Briefly, working out the Core is more than just doing some token abdominal exercise. When I refer to the Core, I am talking about the entire midsection of the body – from the hips to the bottom of the rib cage, both front and back. Again, this isn’t some silly quest to have a six pack for the beach. Properly working the Core is about tapping into its supportive and force-generating powers. A strong, well-developed Core supports the upper body in all its actions and loads, enables better balance and maintenance of your center of gravity, and is the starting point for all aggressive movements, through its bracing function. Think about it: all aggressive movement of the body starts with a tensing of the gut. The better and more efficiently you can tense your gut (and your lower back, which happens automatically), the more force you can generate in that movement as it radiates from the Core to the arms and legs. And again, as the biological “hinge” between the upper and lower bodies, the Core also serves as a control center for your body’s sense of balance, so having a well-established connection between the brain and the Core just by itself will automatically result in a better sense of balance and agility. Training balance and agility independently will add yet more quality to your abilities.

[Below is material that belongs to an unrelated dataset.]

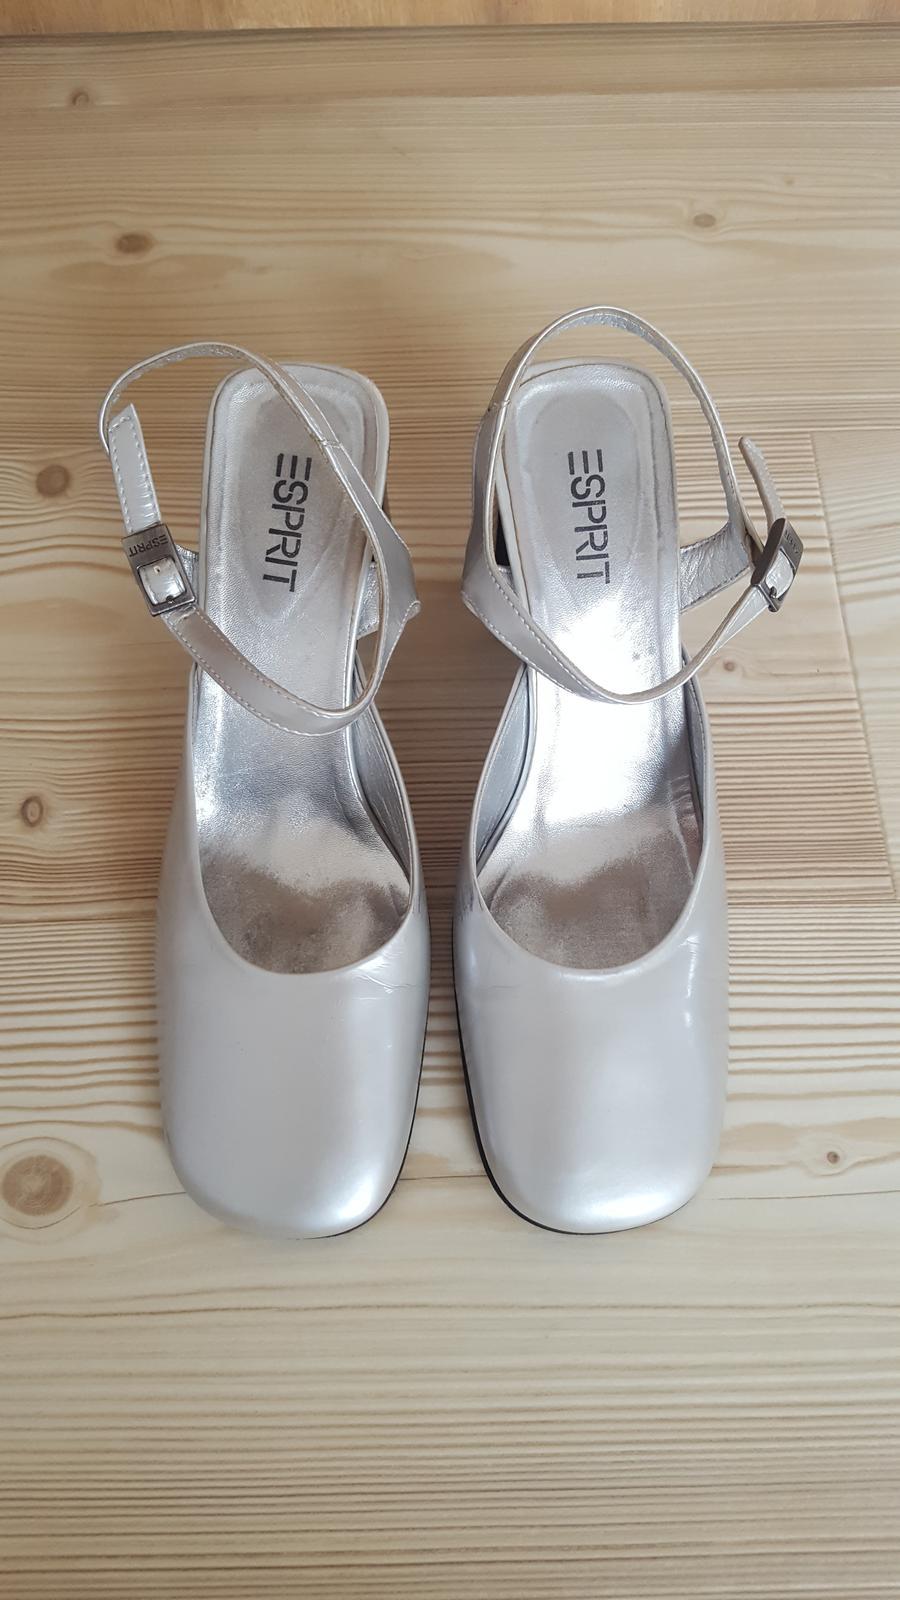 Boty na podpatku ESPRIT - Obrázek č. 3

Then, Grip is composed of both grasping strength and wrist strength. The benefit of a strong grip and wrist should be obvious – gripping is a key feature of any type of martial art, even shooting. Grip strength may save your life one day too, if you’re literally hanging for dear life in some chaotic AP-world scenario or are fighting hand-to-hand to the death with a determined enemy. And finally, Neck work is a worthy add-on to the secondary movements to develop the neck’s support role in withstanding harsh actions of the head (like getting rolled around), as well as the loading of the neck that occurs when you wear a ballistic helmet (especially outfitted with NOD’s).